As the business landscape changes, so does the nature of potential disruptions. More businesses than ever before are joining forces to succeed, both globally and domestically, creating new and complex interdependencies. Increased reliance on digital tools places data and operations at the mercy of external parties. And unpredictable environmental or societal happenings in far-flung parts of the world could have negative consequences for businesses around the globe.
Threats like these are the reason business continuity (BC) exists—to try to mitigate the risks posed by disruptive incidents like these, plan for them, and prepare to weather any possible storm. But can you be prepared for the sheer number of business continuity risks in the world?
Because it’s such a challenge, smart BC managers take a strategic approach to managing business continuity risks and threats, asking: Which threats would have the most substantial impact on our mission and operations? Which are most likely to happen? Granted, these factors change continuously and require constant review—another challenge in and of itself. Whatever plans you do put into place, however, should be carefully, thoughtfully, and thoroughly crafted.

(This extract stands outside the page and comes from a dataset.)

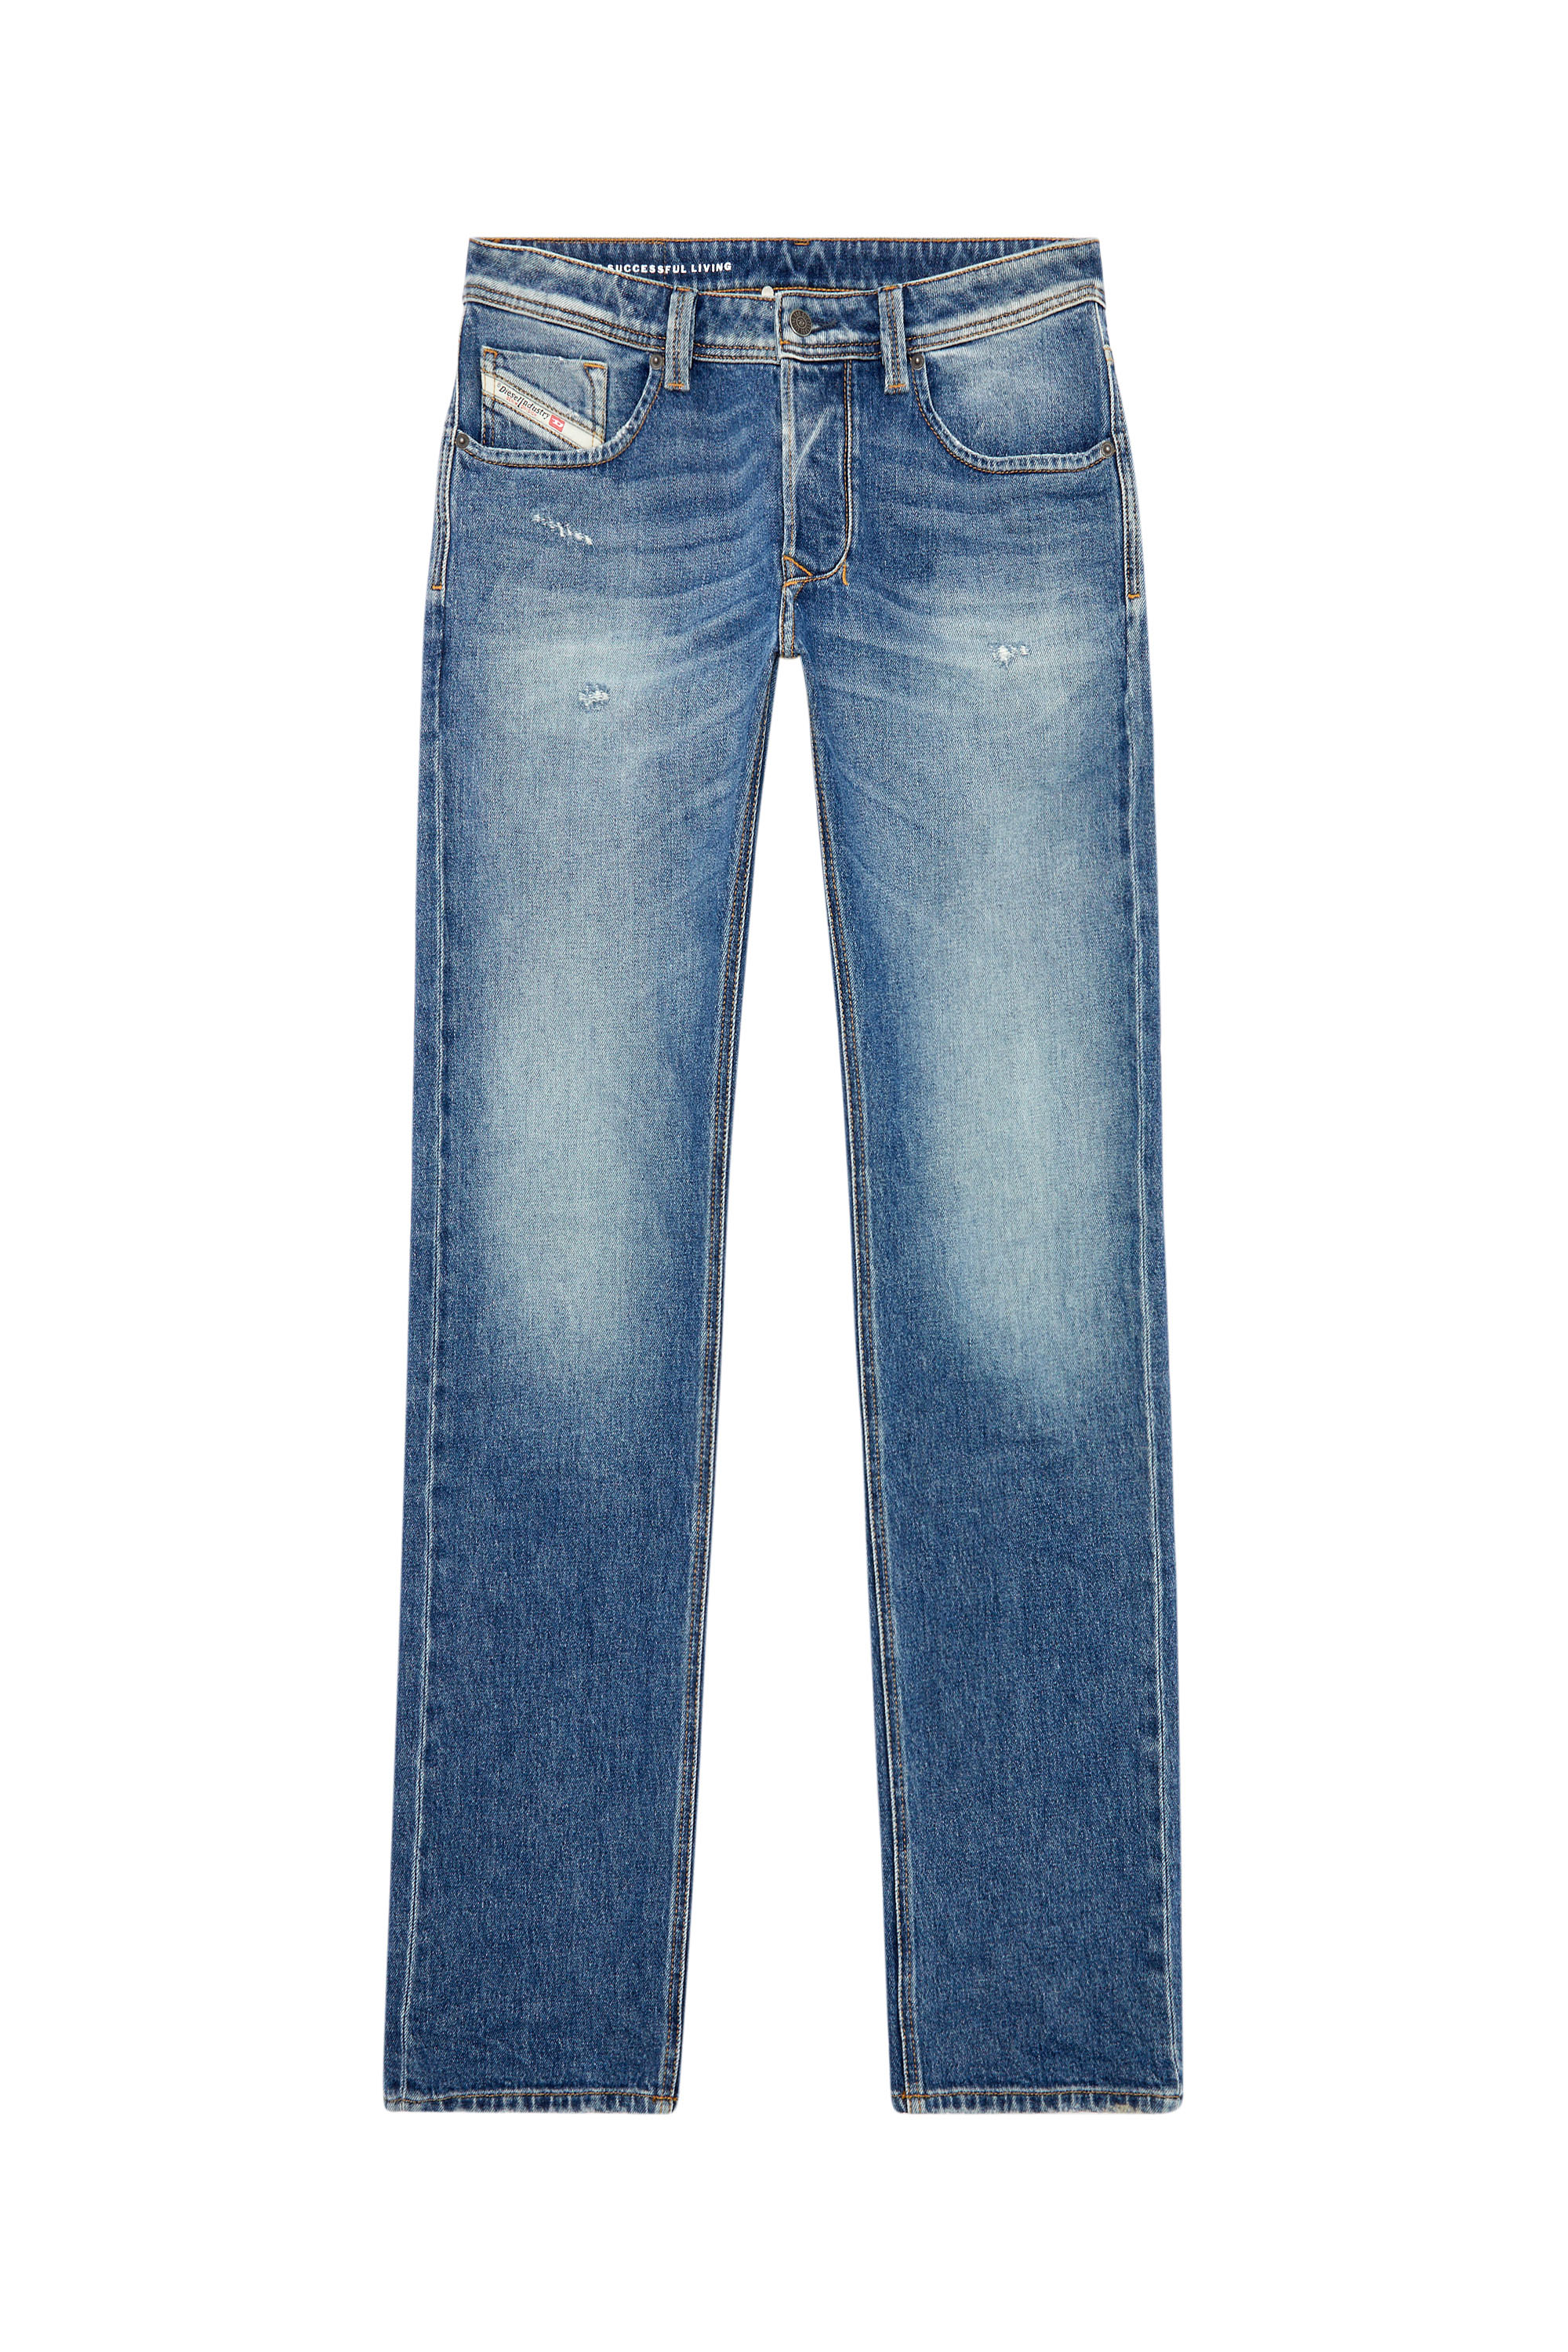 Diesel - Straight Jeans 1985 Larkee 09I16, Medium blue - Image 6

In this article, we’ll cover three areas that will help you implement a more strategic way of managing business continuity risks. First, we’ll review five threats to almost every organization that are often overlooked (and more likely to happen than their more commonly mentioned counterparts). Then, we’ll discuss the concepts of inherent vs. residual risk and how they apply to the creation of business recovery plans. Finally, we’ll lay out the formula for residual risk calculation as a way of evaluating how well the plans you’ve created will actually perform.
The business continuity threats and risks for organizations we see here at MHA aren’t the ones you might think of first, like natural disasters, terrorist incidents, or blackouts. Sure, those things happen, but many companies have planned for disruptions like these and can point to a well-defined strategy already in place. (If that’s the case for you, then you’re doing well—we advocate that you always consider Mother Nature in your risk assessment plans and factor in the risks associated with your geographic location.)
But the more frequent occurrences may be the ones you’re not planning for—simply because they don’t appear to be as threatening as they actually are. Below are four categories of business continuity risks that should have a place in your business continuity risk assessment matrix—and recovery plans to address them. The below risks may present a greater threat for some organizations than others, depending on the characteristics of your business and your risk tolerance.
Data breaches are happening so frequently nowadays that we no longer talk about if your organization gets hit, but when. Every organization—particularly small businesses with little to no data protection—will inevitably experience some type of data breach, so it’s important to consider the risks associated with it. Not only will cyber attackers try to hack into your environment directly, they may also employ ransomware attacks and phishing attempts to access your data. All types of breaches are occurring at an alarming rate; in fact, Half of small businesses that are attacked go out of business within six months as a result
This is both the most common threat category and the one with the most potential to impact an organization’s financial situation—as well as its brand. Before it happens, consider the valuable data you have, what could be compromised, and the possible repercussions should a breach ever occur. Also take into consideration any regulatory requirements that might make it necessary to bolster your protection.
This category encapsulates the mistakes people make, particularly those related to technology. It might be anything from a simple programming mistake to a misstep brought on by the complexity of massive technological systems, but it’s not hard to imagine that such a mistake can take a company down. (See the latest computer glitches with United and Delta airlines, as well as Amazon’s recent AWS outage.) Human error poses a bigger risk for organizations that are highly dependent on technology and tech workers.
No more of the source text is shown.